Transcribe the data exactly, omitting whatever pictures it holds.

===== Data =====

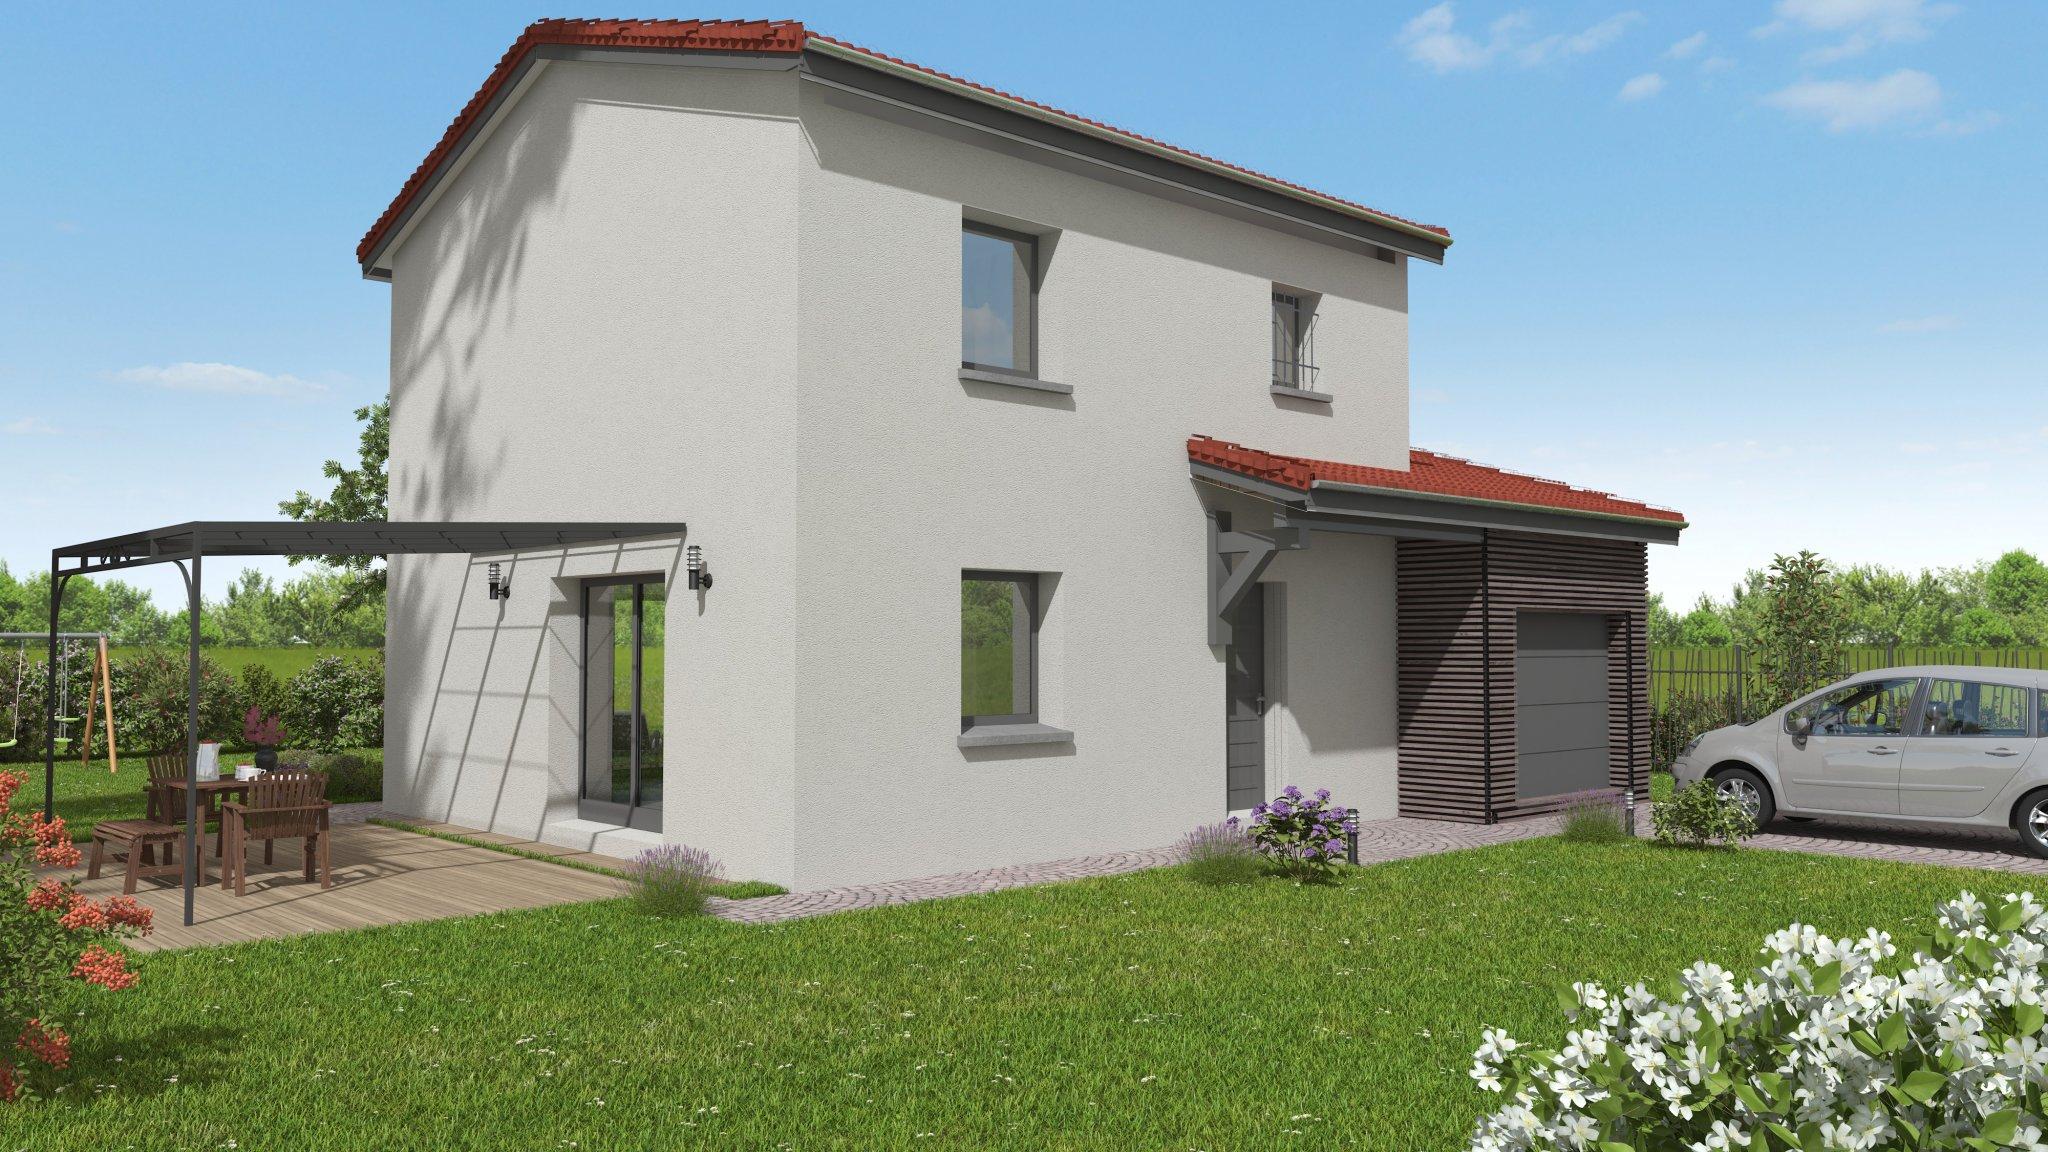 Maisons du constructeur MAISONS CLEDOR • 100 m² • CEBAZAT
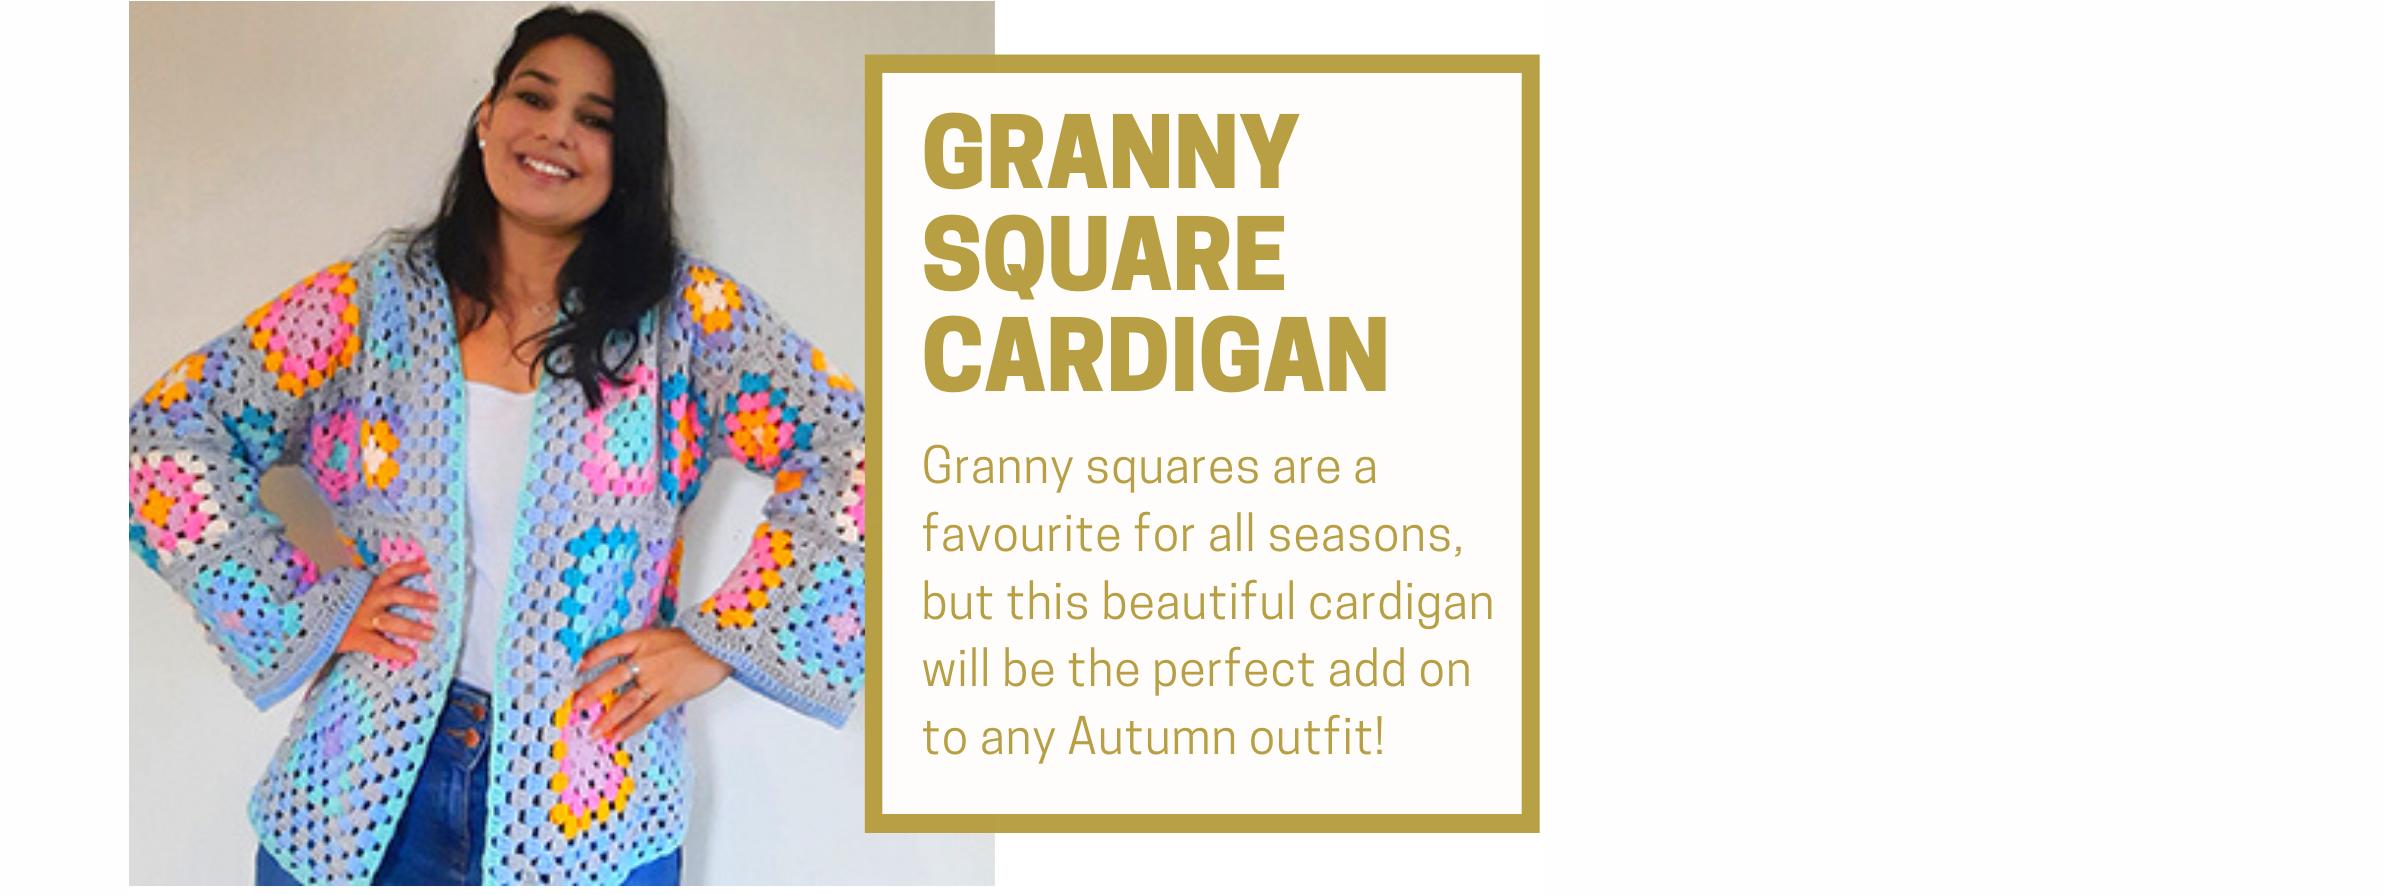 Granny Squares Cardigan
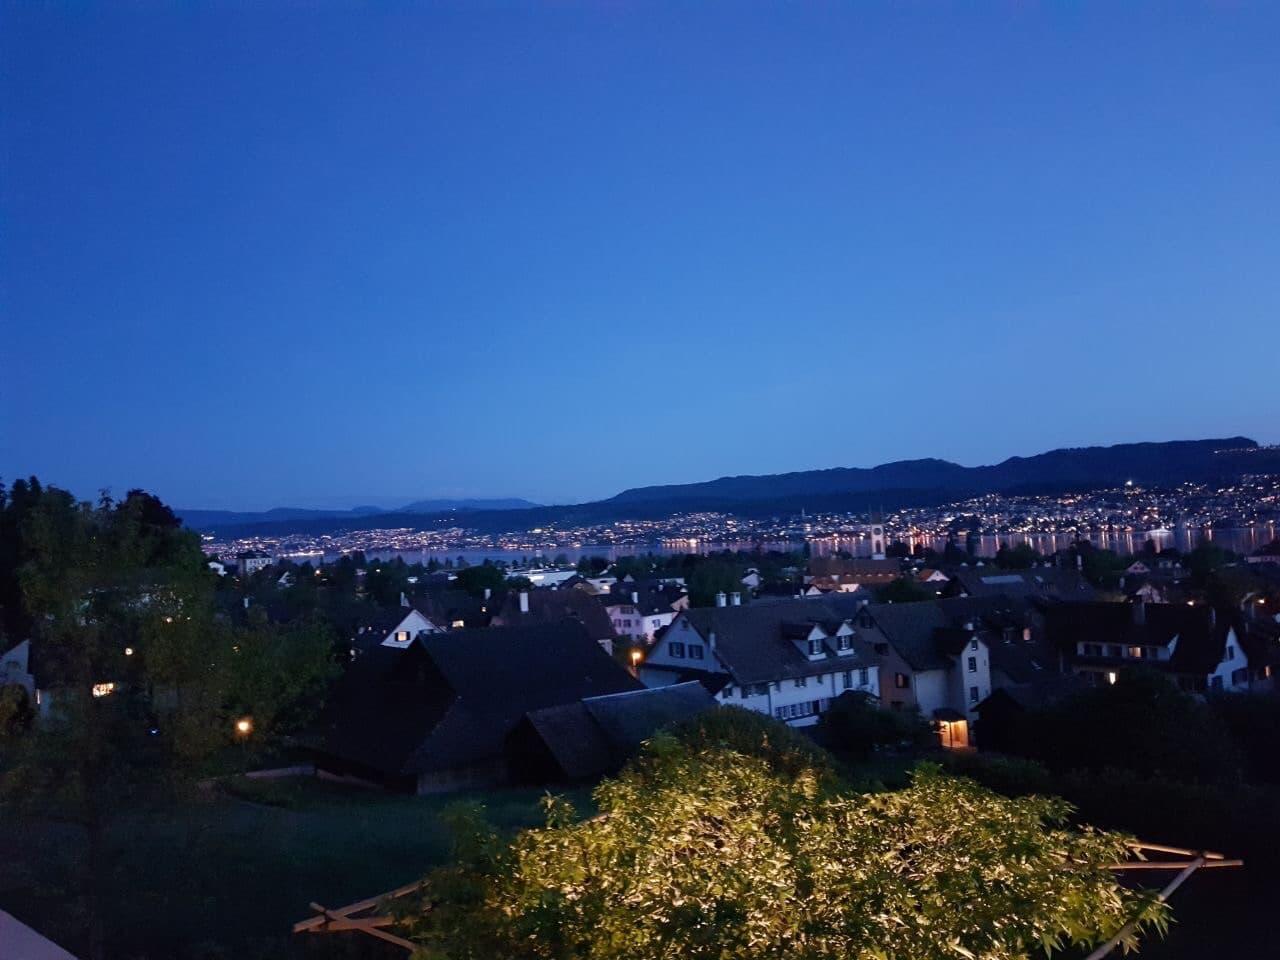 Objekt Zürich mit Außenbeleuchtung

=====

**Solution for this task**
 Maisons du constructeur MAISONS CLEDOR • 100 m² • CEBAZAT
 Granny Squares Cardigan
 Objekt Zürich mit Außenbeleuchtung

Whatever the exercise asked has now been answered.